Of course - as with practically any software and the associated processes - there can also be certain difficulties when using gamification tools. The following problems are typical.

  • Costs: Gamification software and its implementation can be associated with significant costs. The more complex the requirements, the more expensive it gets. In this context, it should be ensured that the tool or its use do not "eat up" too much of the potential profit. It's not uncommon for the respective solutions to play out many of their advantages, but companies to benefit far less from them than thought due to the costs.
  • Maintenance of Benefits: In the context of the previous point, maintaining the benefit is an important topic. Of course, even gamifications occasionally have to be adjusted to keep them interesting. However, this usually involves more effort than, for example, carrying out a "simple" design update of a website. Outdated gamifications can quickly lead to negative effects - they are boring at the simplest. Interested parties should therefore make sure that the gamification tool continuously keeps up with the prevailing requirements and is as user-friendly as possible.
  • Data Protection: Especially when it comes to presenting gamifications or awards, bonuses or other goodies and their recipients publicly, there can be difficulties with data protection. In general, gamification processes are often associated with the use of personal data. In this regard, care should be taken that the chosen application already takes into account the applicable data protection regulations on its own. Interested parties are on the safe side if they stick to gamification apps in German or from Germany or at least from the European area. However, additional data protection and security measures may be required.

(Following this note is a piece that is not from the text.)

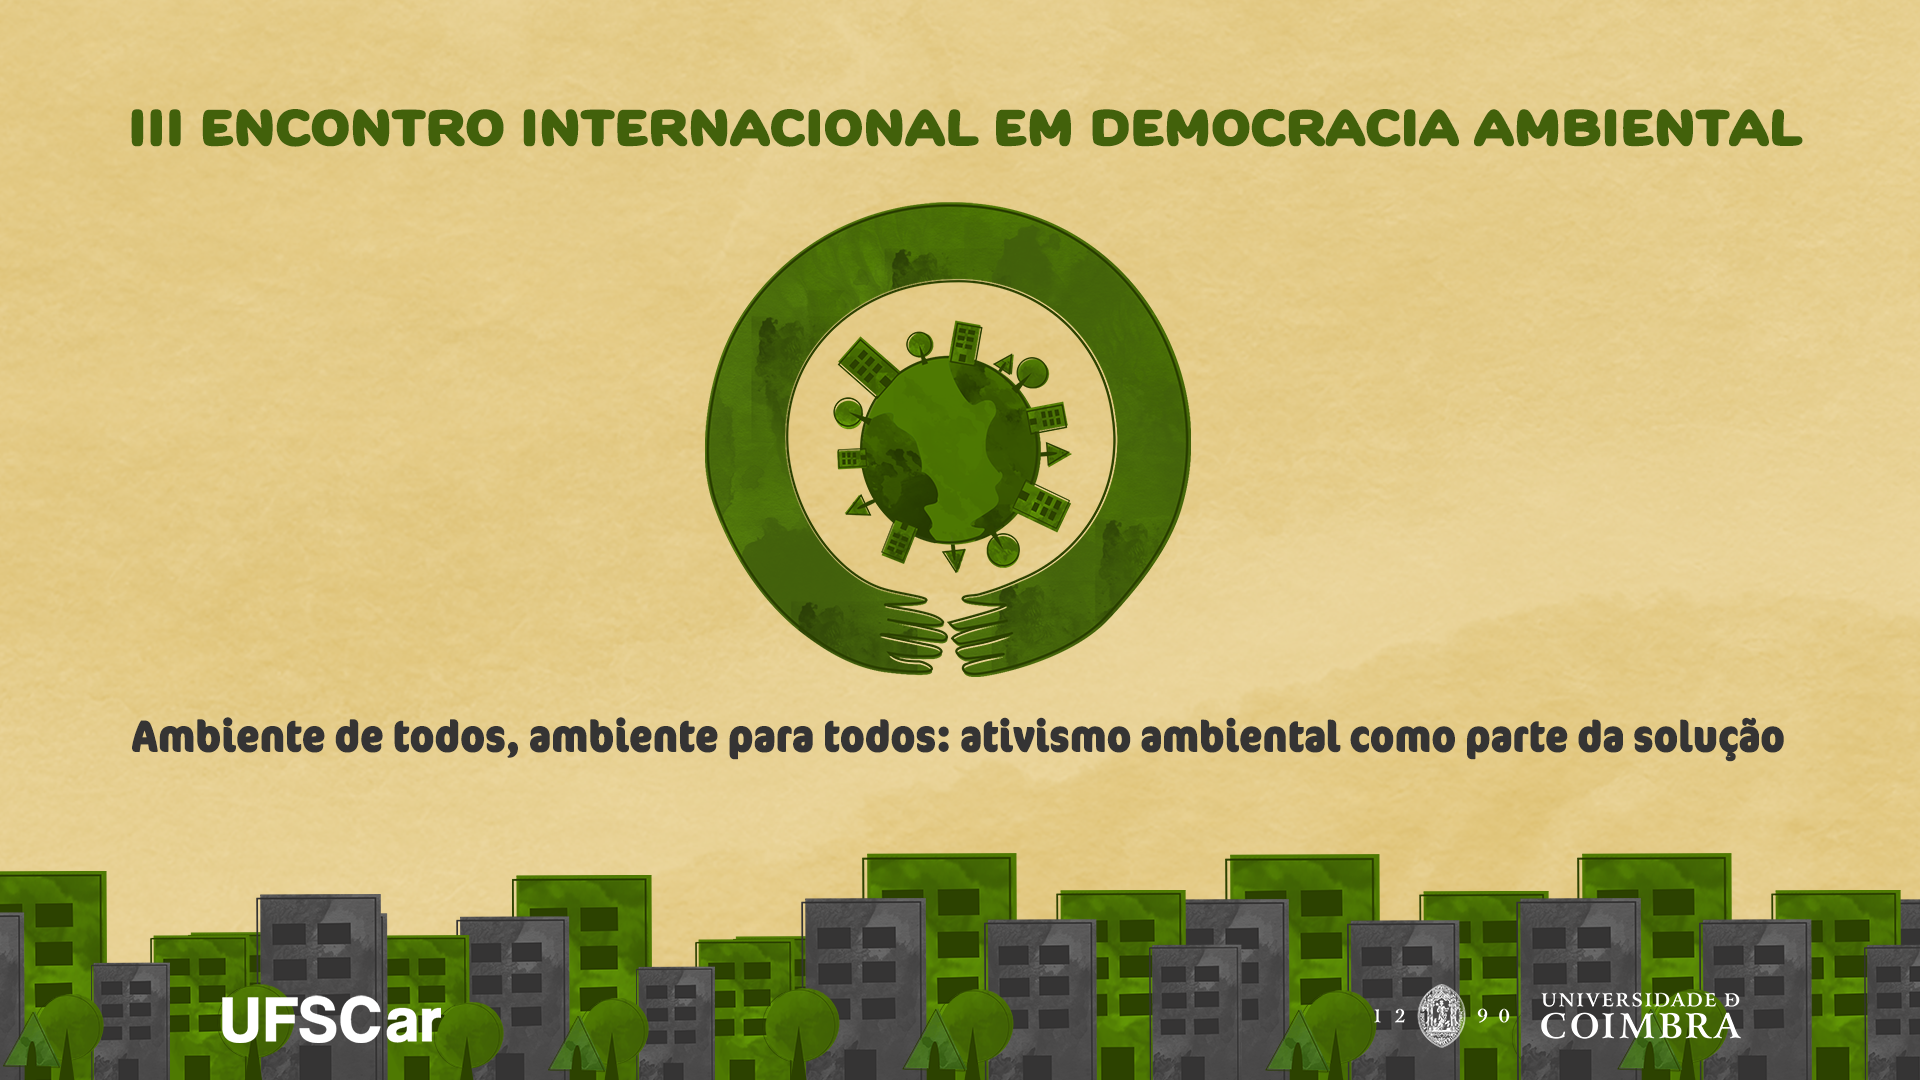 Pesquisadores já podem se inscrever no III Encontro Internacional em Democracia Ambiental

How to Choose a Suitable Gamification Tool?

Gamifications and corresponding gamification tools can be used in a wide range of application areas. Ideally, they provide numerous strong advantages. To maximize benefits, interested parties should choose the best gamification software for their purposes. The following points highlight what is particularly important.

  • Easy Integration: A gamification platform must be easy to integrate into an existing system or application. The ability to simply implement a gamification strategy and the associated application can be essential for a company. Often there is no time or personnel resources to fundamentally develop gamifications or to individualize them extensively through programming.
  • Versatility: A gamification platform must be versatile and should ideally be adaptable to every application case in one's own company context or any strategy. Not to be forgotten is that gamifications can be effectively used in a wide variety of business contexts. Therefore, there are applications specifically tailored to individual areas. For example, solutions for external or customer or sales specific purposes and those for the support of internal processes can be chosen.
  • Functional Scope: A gamification platform enables the application of typical game mechanics in business contexts. There are some basic elements that make up a gamification strategy and that should be adjustable via such software. The features mentioned above are elemental here. Ideally, these can still be flexibly scaled - depending on the company's current needs.

What Does Gamification Software Cost?

Gamification software is mostly offered as software-as-a-service (SaaS) today. But there are also still on-premise solutions, which are sometimes bought once and then integrated directly into existing systems on site. However, subscription models are more common – both with SaaS solutions and on-premise. In these cases, a license fee is then payable monthly or yearly. Generally, services are billed according to functional scope and per user. Therefore, costs can vary. Prices per user and with average to slightly extended functionalities are to be calculated at around 30 to 70 euros per month. Some providers even offer free versions. However, these normally come with a strongly limited number of features and permissible users. Especially with developer companies that offer larger suites, within which gamification tools are only a small part of the whole, an individual pricing structure is often underlying.